The Curious Dev

Various programming sidetracks and shiny-object detours

Three Ways of Mapping With XSL

When transforming a payload from one form to another it’s often necessary to map various fields. An example of this may be as simple as mapping from a country code to the full name of said country, i.e. AUS to Australia.

There several ways to achieve this, some more flexible than others.
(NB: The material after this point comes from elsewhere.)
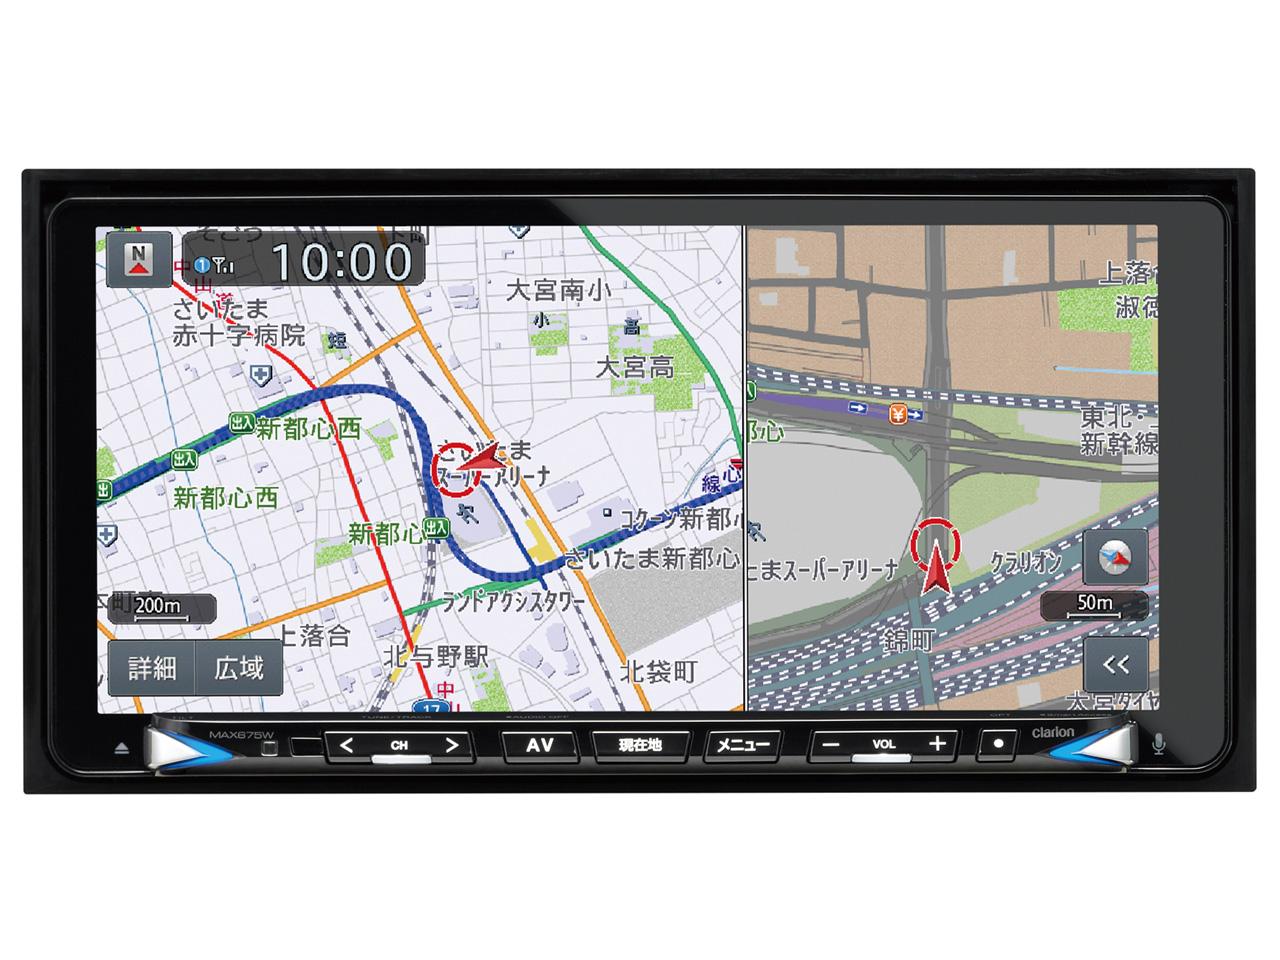 スーパーワイドナビ MAX675W の製品画像

To use the example of country code mapping, here’s the input data that we’re required to map/transform:

<countries>
    <country>AUS</country>
    <country>BRA</country>
    <country>GRC</country>
    <country>JPN</country>
    <country>GBR</country>
</countries>

External mapping file

First up is referring to an external file that contains the relevant mapping and using XPATH grab the correct value.
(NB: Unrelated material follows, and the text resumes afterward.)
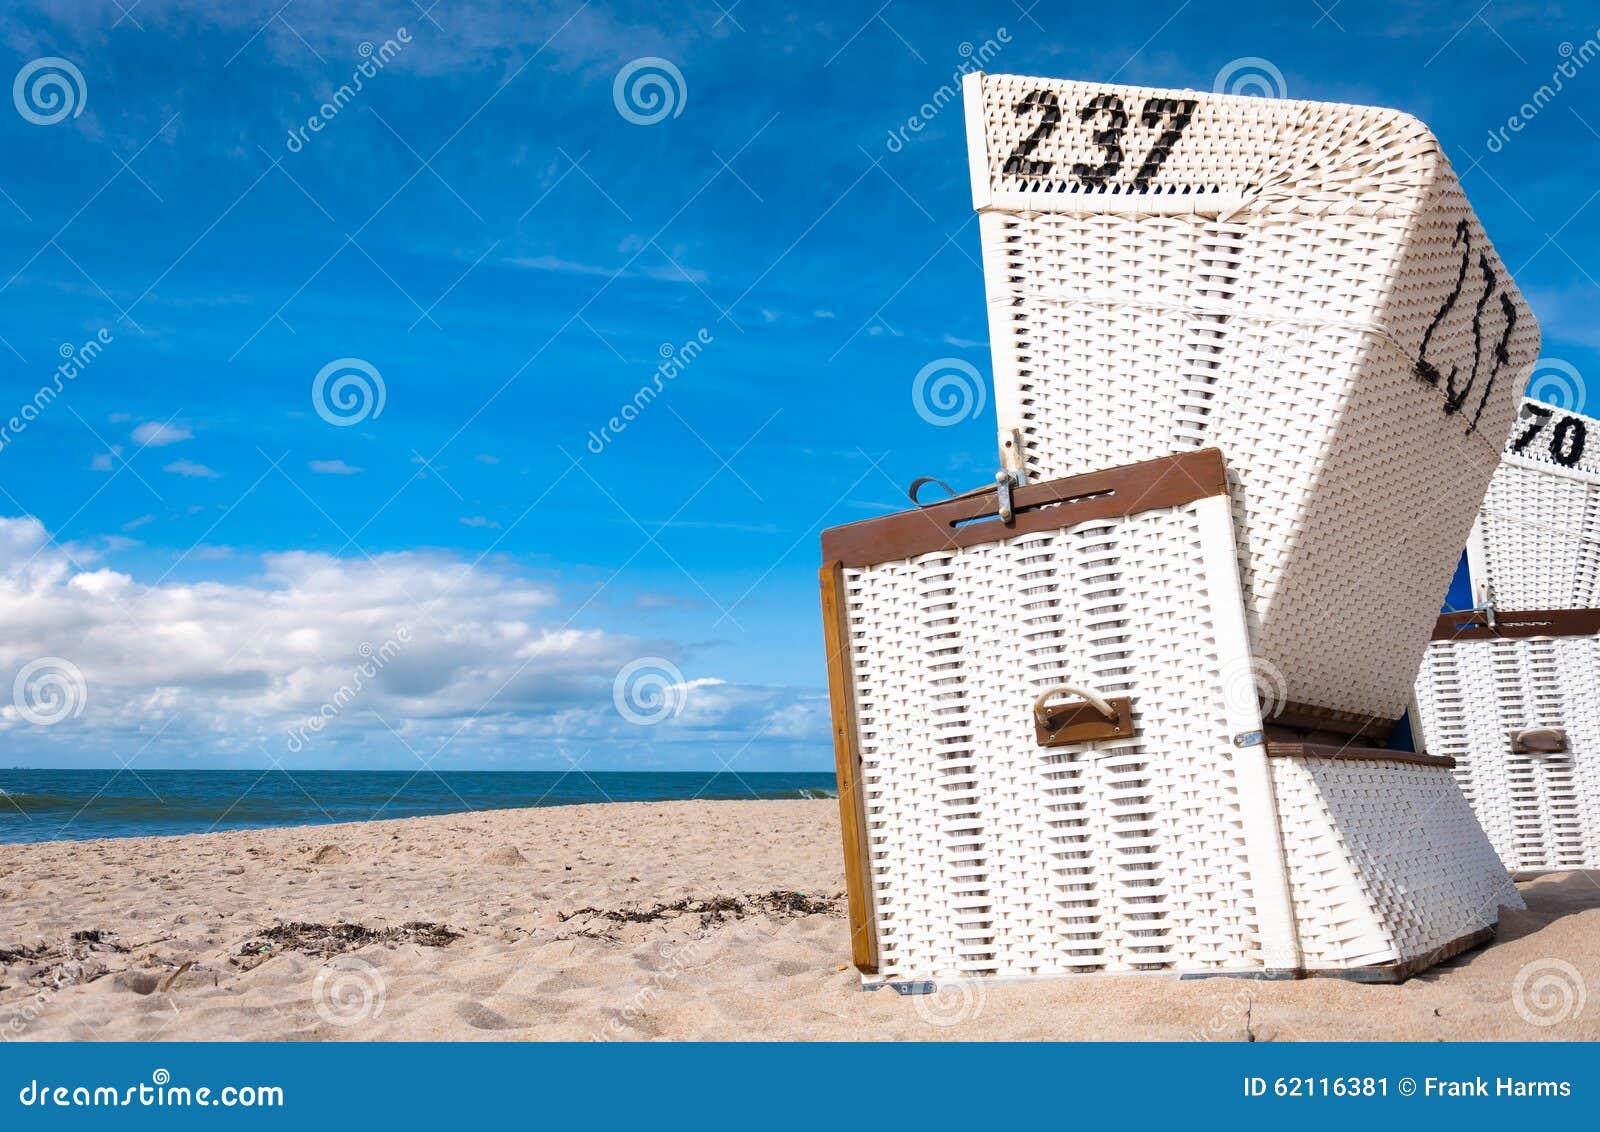 Strandstühle auf der Insel von Sylt, Schleswig-Holstein, Deutschland

For an external mapping file we simply include the relevant path to the mapping file, but this could just as easily be an URL from the web, either of:

<xsl:variable name="countryList">../xml/countrylist.xml</xsl:variable>

or

<xsl:variable name="countryList">http://s3.amazonaws.com/thecuriousdev.com/countrylist.xml</xsl:variable>

This file simply consists of both the code and name for each country, i.e.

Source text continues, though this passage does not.